This Ocaliva Label Change Follows September 2017 Dear Doctor Letter Sent By Intercept Pharmaceuticals
An earlier blog post, "Will Ocaliva Get Black-Box Warning For Liver Injury Side Effects After September 2017 FDA Report?", received its answer last week.
On February 1, 2018 the FDA issued this Safety Alert, "Ocaliva (obeticholic acid): Drug Safety Communication - Boxed Warning Added To Highlight Correct Dosing", from which we get this information:
ISSUE: FDA is warning that the liver disease medicine Ocaliva (obeticholic acid) has been incorrectly dosed daily instead of weekly in patients with moderate to severe primary biliary cholangitis (PBC), a rare chronic liver disease, increasing the risk of serious liver injury. To ensure correct dosing and reduce the risk of liver problems, FDA is clarifying the current recommendations for screening, dosing, monitoring, and managing PBC patients with moderate to severe liver disease taking Ocaliva. FDA is adding a new Boxed Warning, FDA’s most prominent warning, to highlight this information in the prescribing information of the drug label. FDA is also requiring a Medication Guide for patients to inform them about this issue.
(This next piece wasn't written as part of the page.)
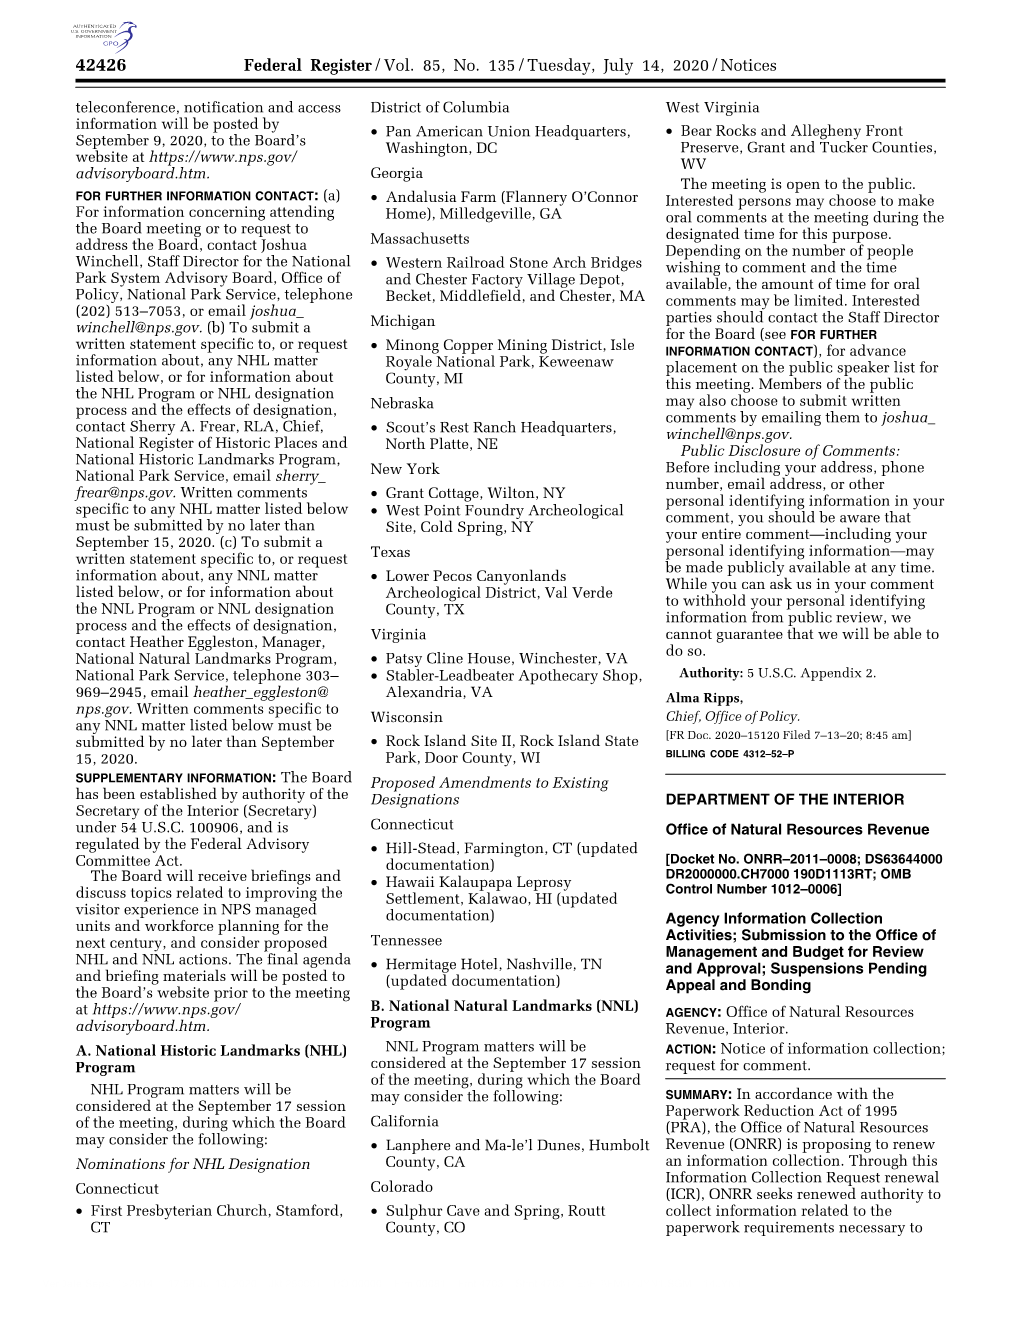 Federal Register/Vol. 85, No. 135/Tuesday, July 14, 2020/Notices

As a condition of approval, FDA required the manufacturer of Ocaliva, Intercept Pharmaceuticals, to continue studying the medicine in patients with advanced PBC. These clinical trials are currently ongoing and FDA expects to receive results in 2023. FDA is adding the additional warnings to the drug label after receiving reports that Ocaliva is being given to PBC patients with moderate to severe liver impairment more often than is recommended in the prescribing information, resulting in liver decompensation, liver failure, and sometimes death. FDA will continue to monitor this medicine and will update the public if new information becomes available.
BACKGROUND: This is an update to the MedWatch safety alert for Ocaliva (obeticholic acid) - Increased Risk of Serious Liver Injury, issued 09-21-2017.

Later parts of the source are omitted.